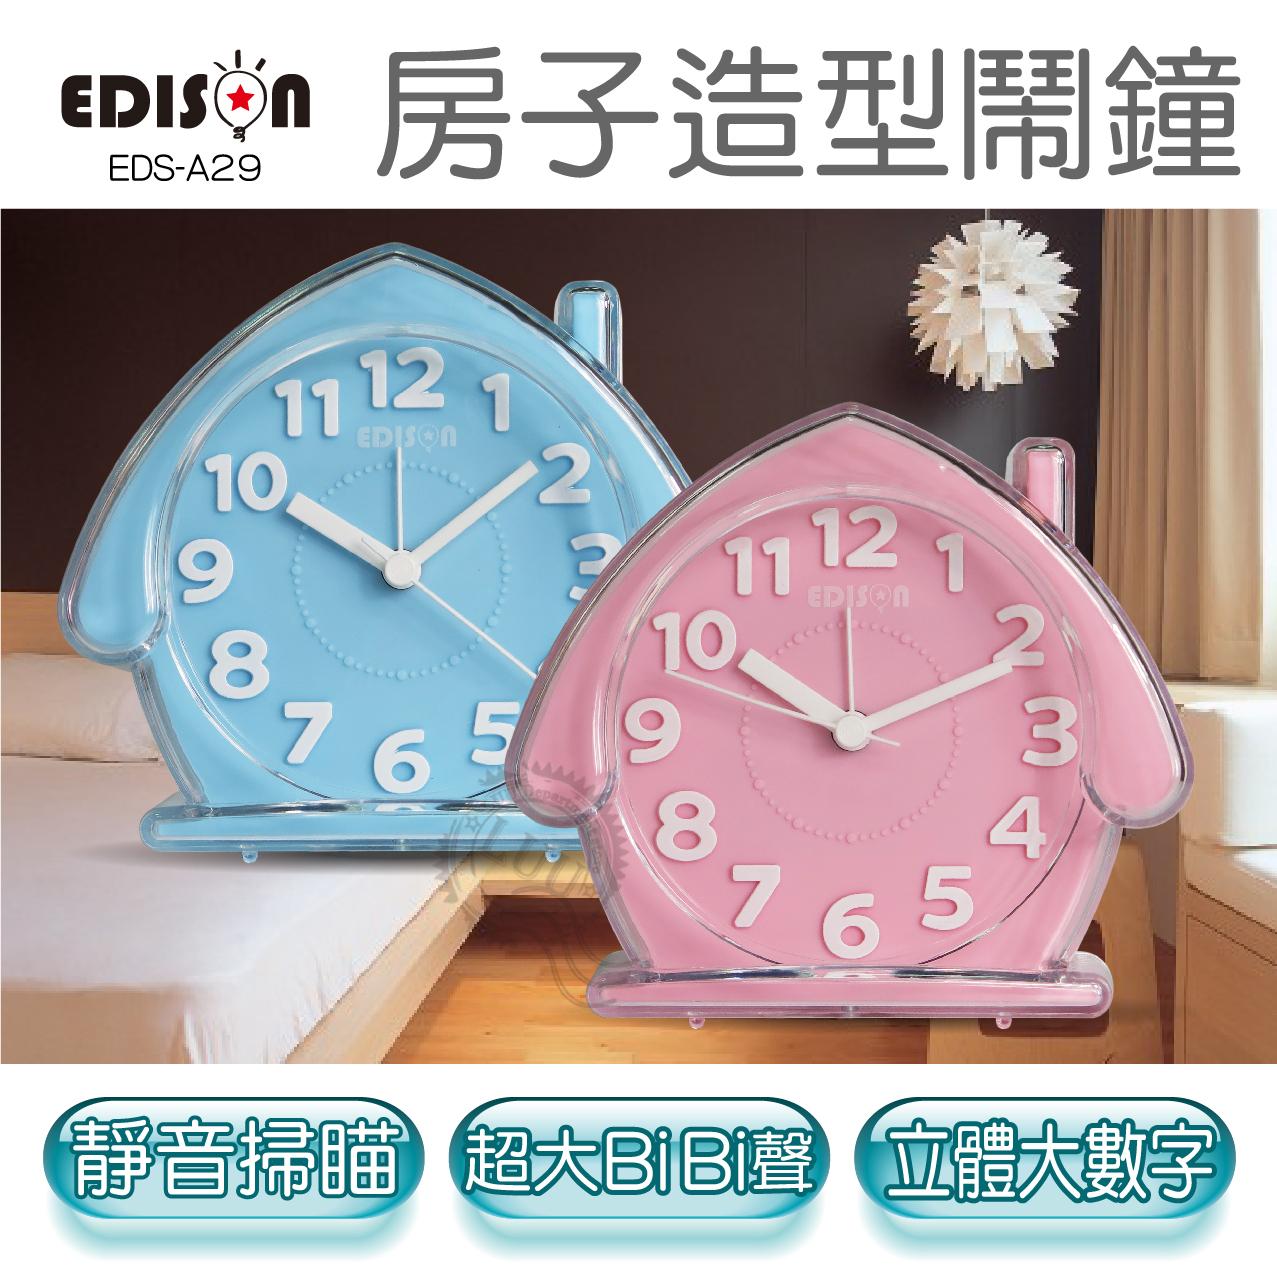 樂悠悠生活館EDISON愛迪生房子造型鬧鐘時鐘鐘錶計時器鬧鈴EDS-A29
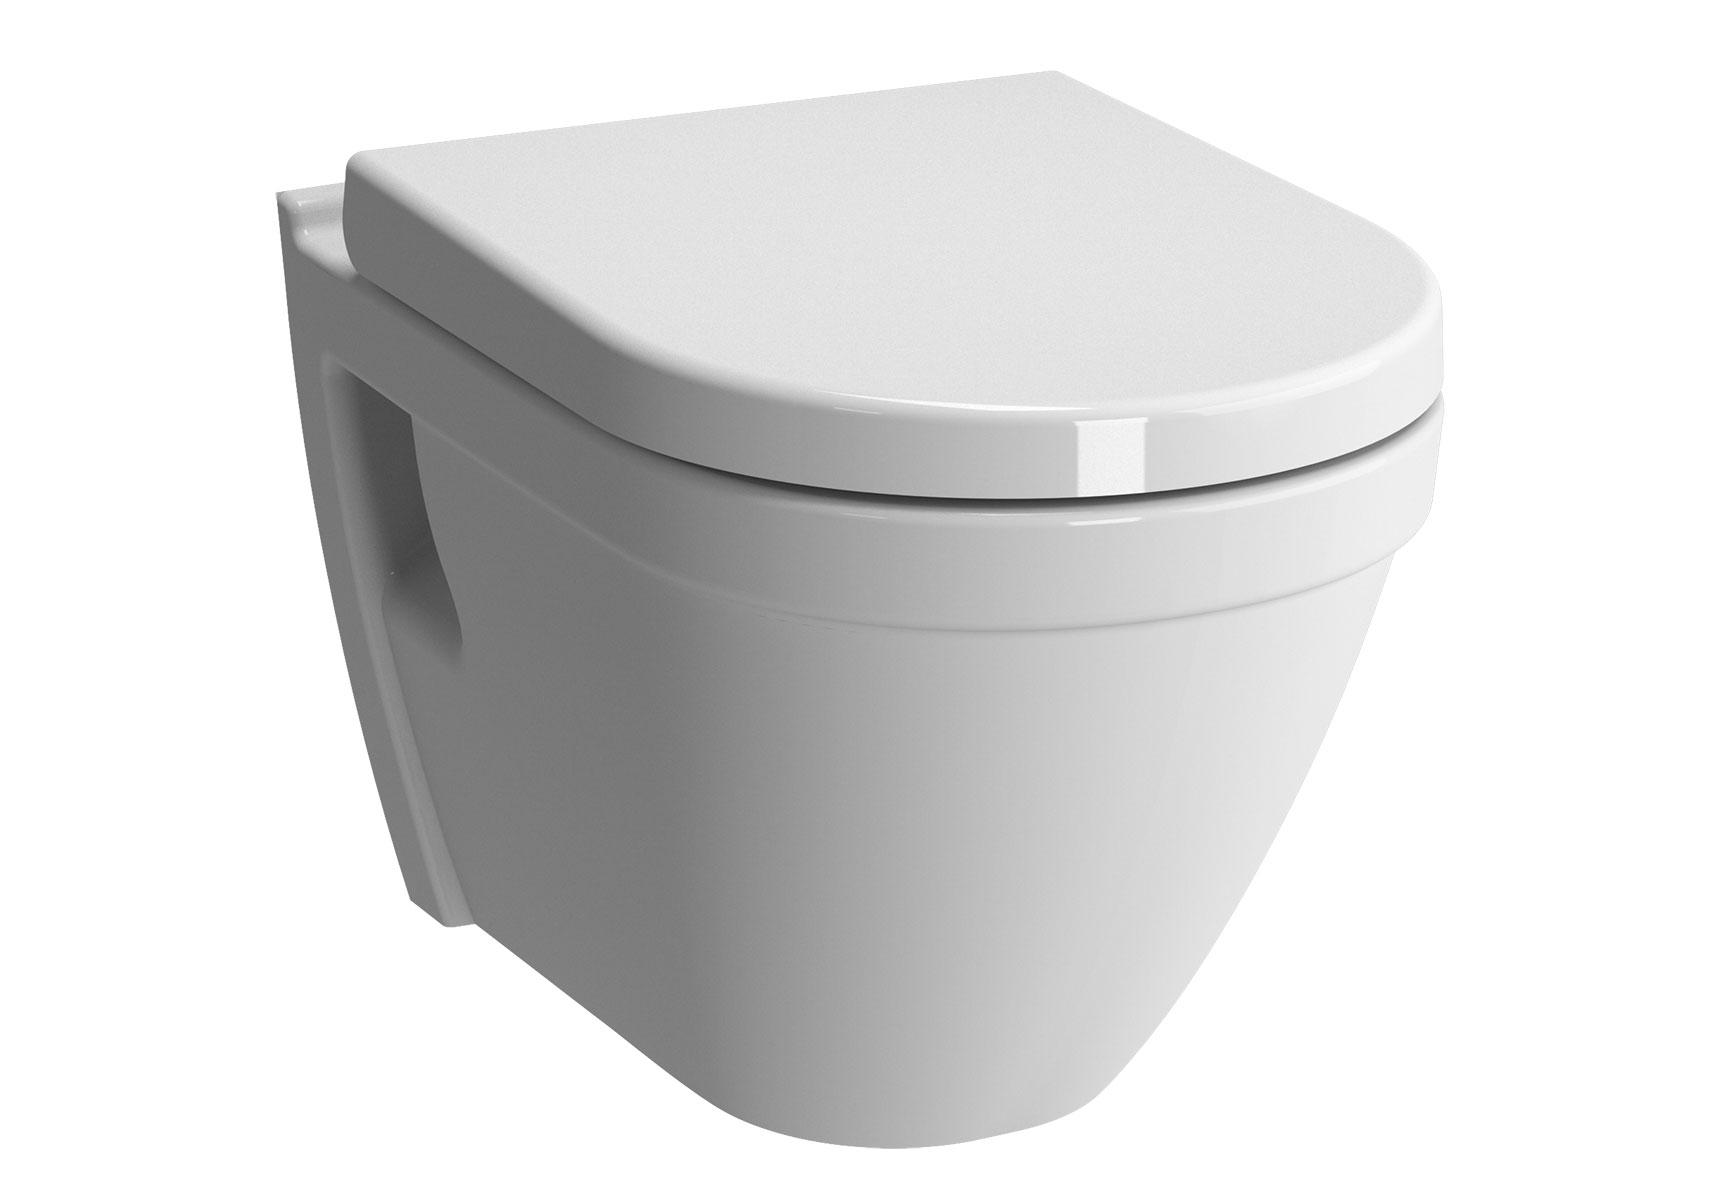 Beste Hangende toiletpotten - Wc met bidet - Wcmetbidet.nl - Toilet met VP-39
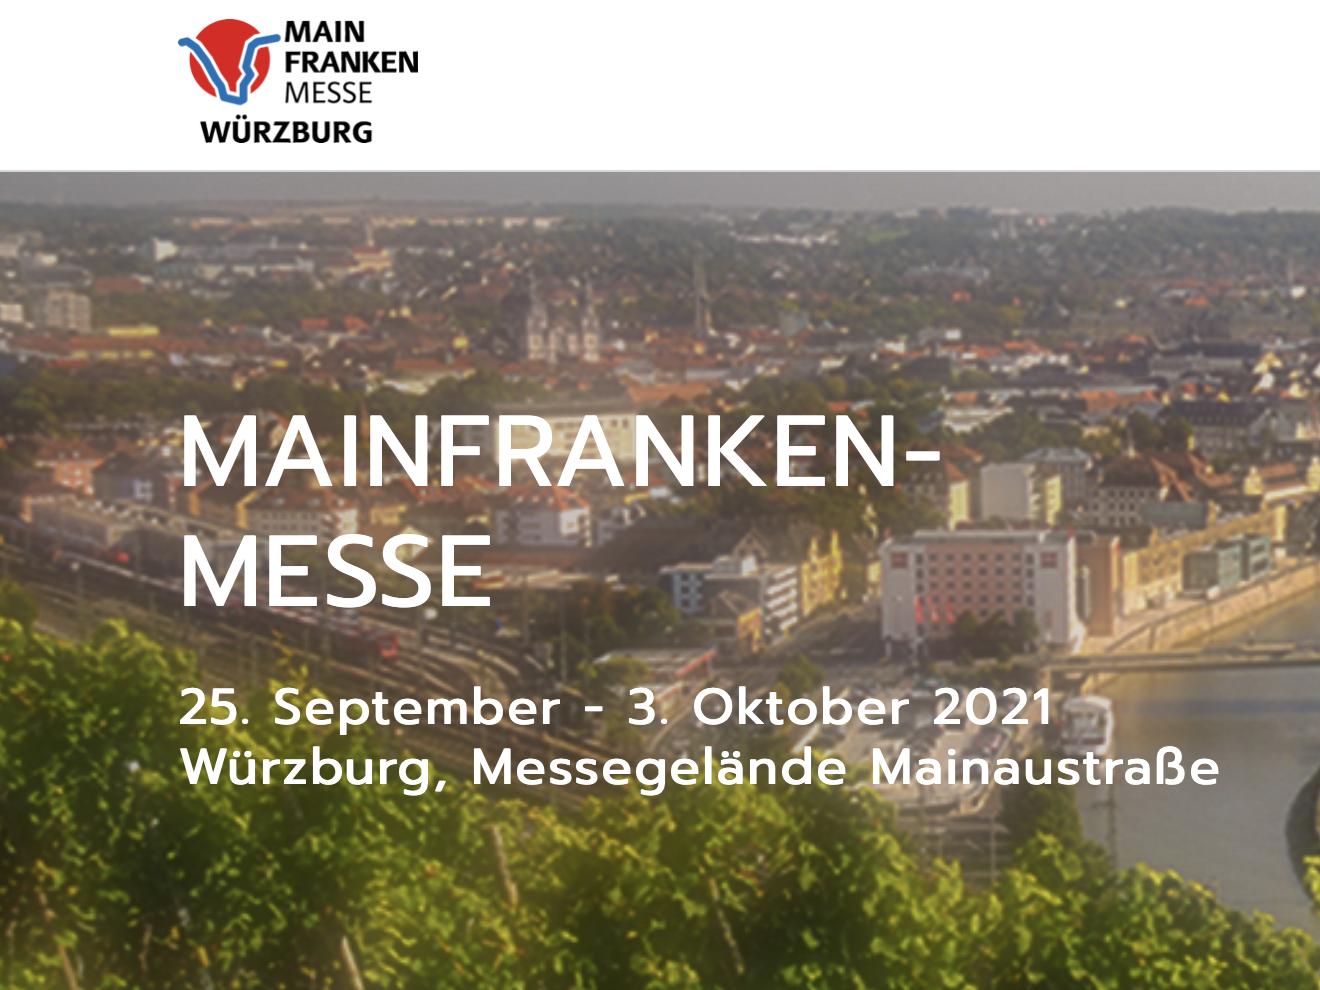 Teilnahme bei der Würzburger Mainfrankenmesse 2021
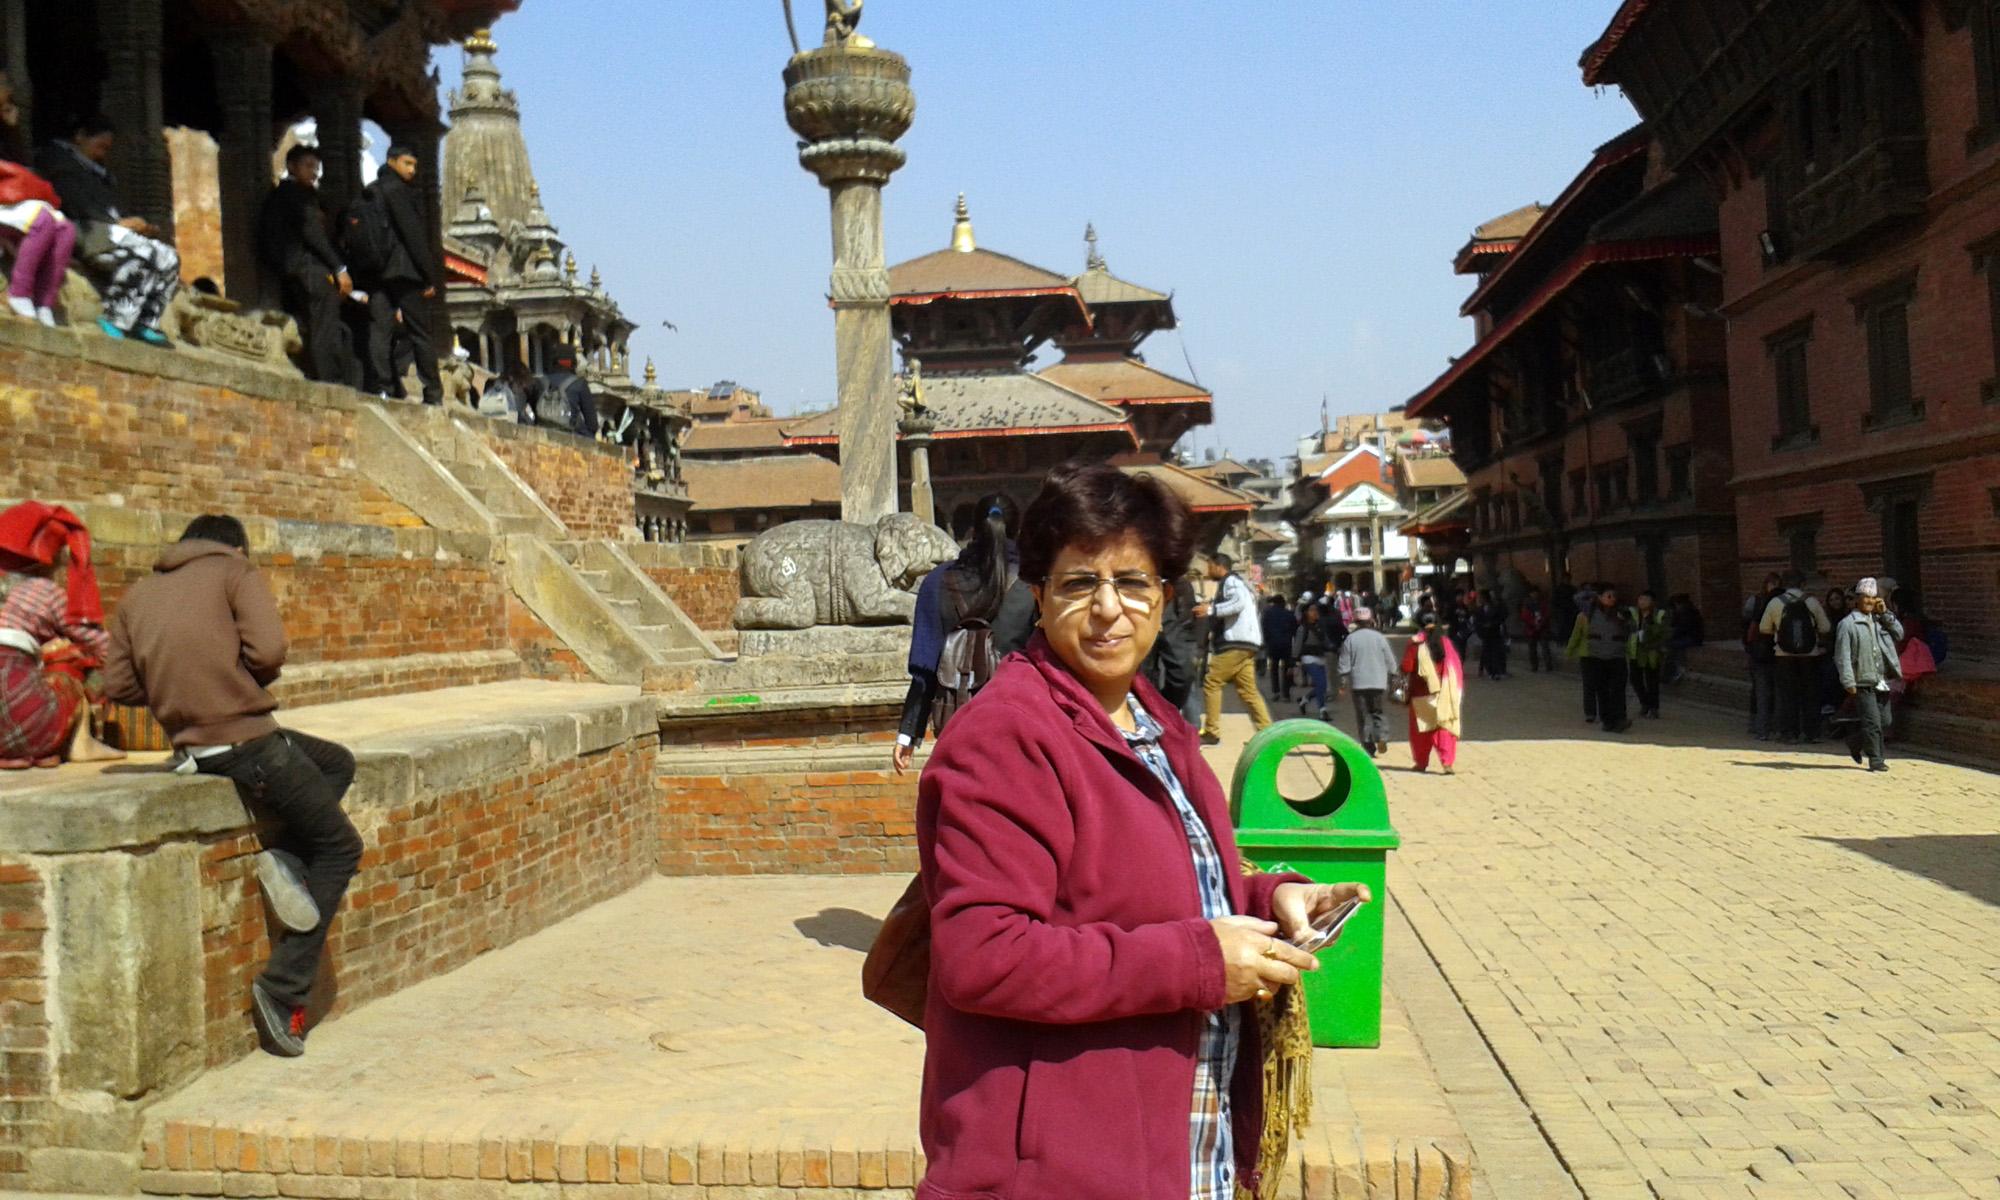 Photo was taken at patan Darbar in kathmandu, nepal in Feb 2015
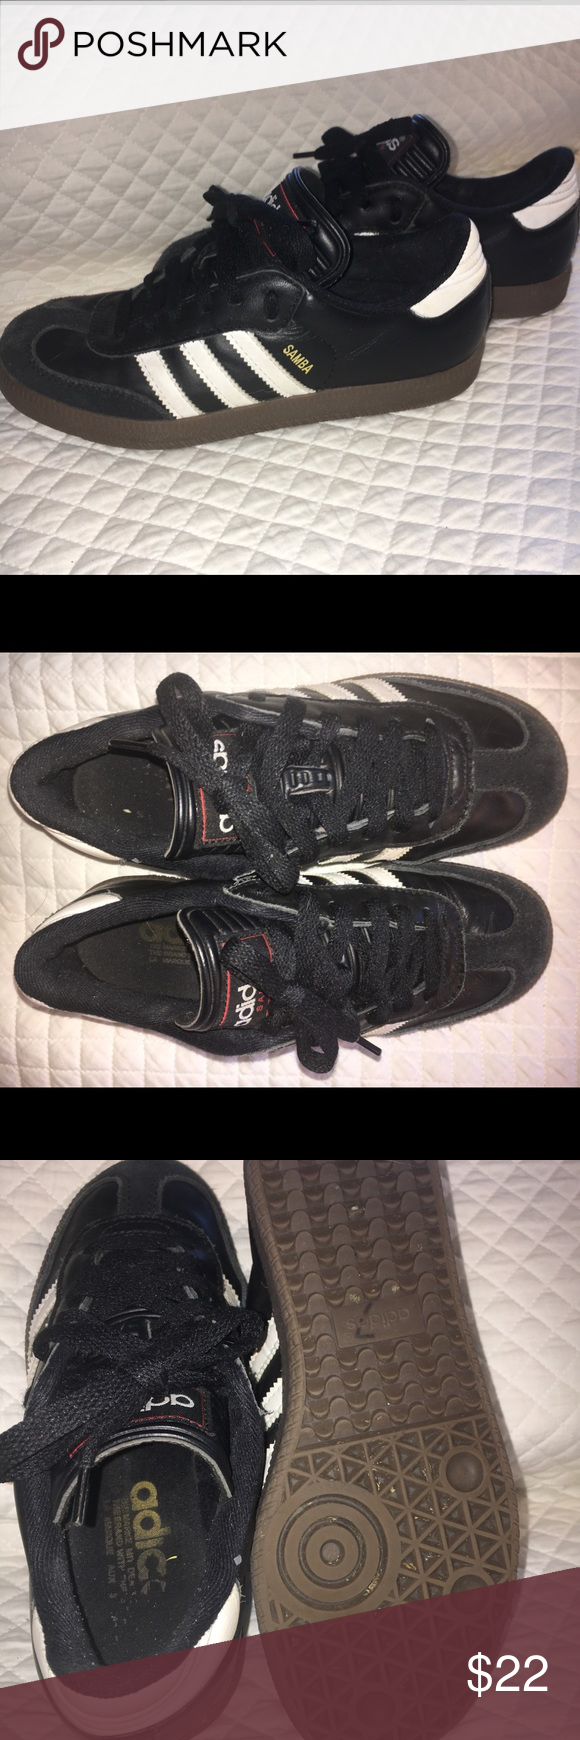 Adidas Samba clasicos zapatilla Adidas zapatos, negro Suede y Adidas

__EXERCISE INSTRUCTIONS__
Could you return, word for word, every line from the line with "Beste Hangende toiletpotten" through the last line of the listing above, both ends included, without any pictures?

__RESPONSE TO THIS EXERCISE__
 Beste Hangende toiletpotten - Wc met bidet - Wcmetbidet.nl - Toilet met VP-39
 Teilnahme bei der Würzburger Mainfrankenmesse 2021
 Photo was taken at patan Darbar in kathmandu, nepal in Feb 2015
 Adidas Samba clasicos zapatilla Adidas zapatos, negro Suede y Adidas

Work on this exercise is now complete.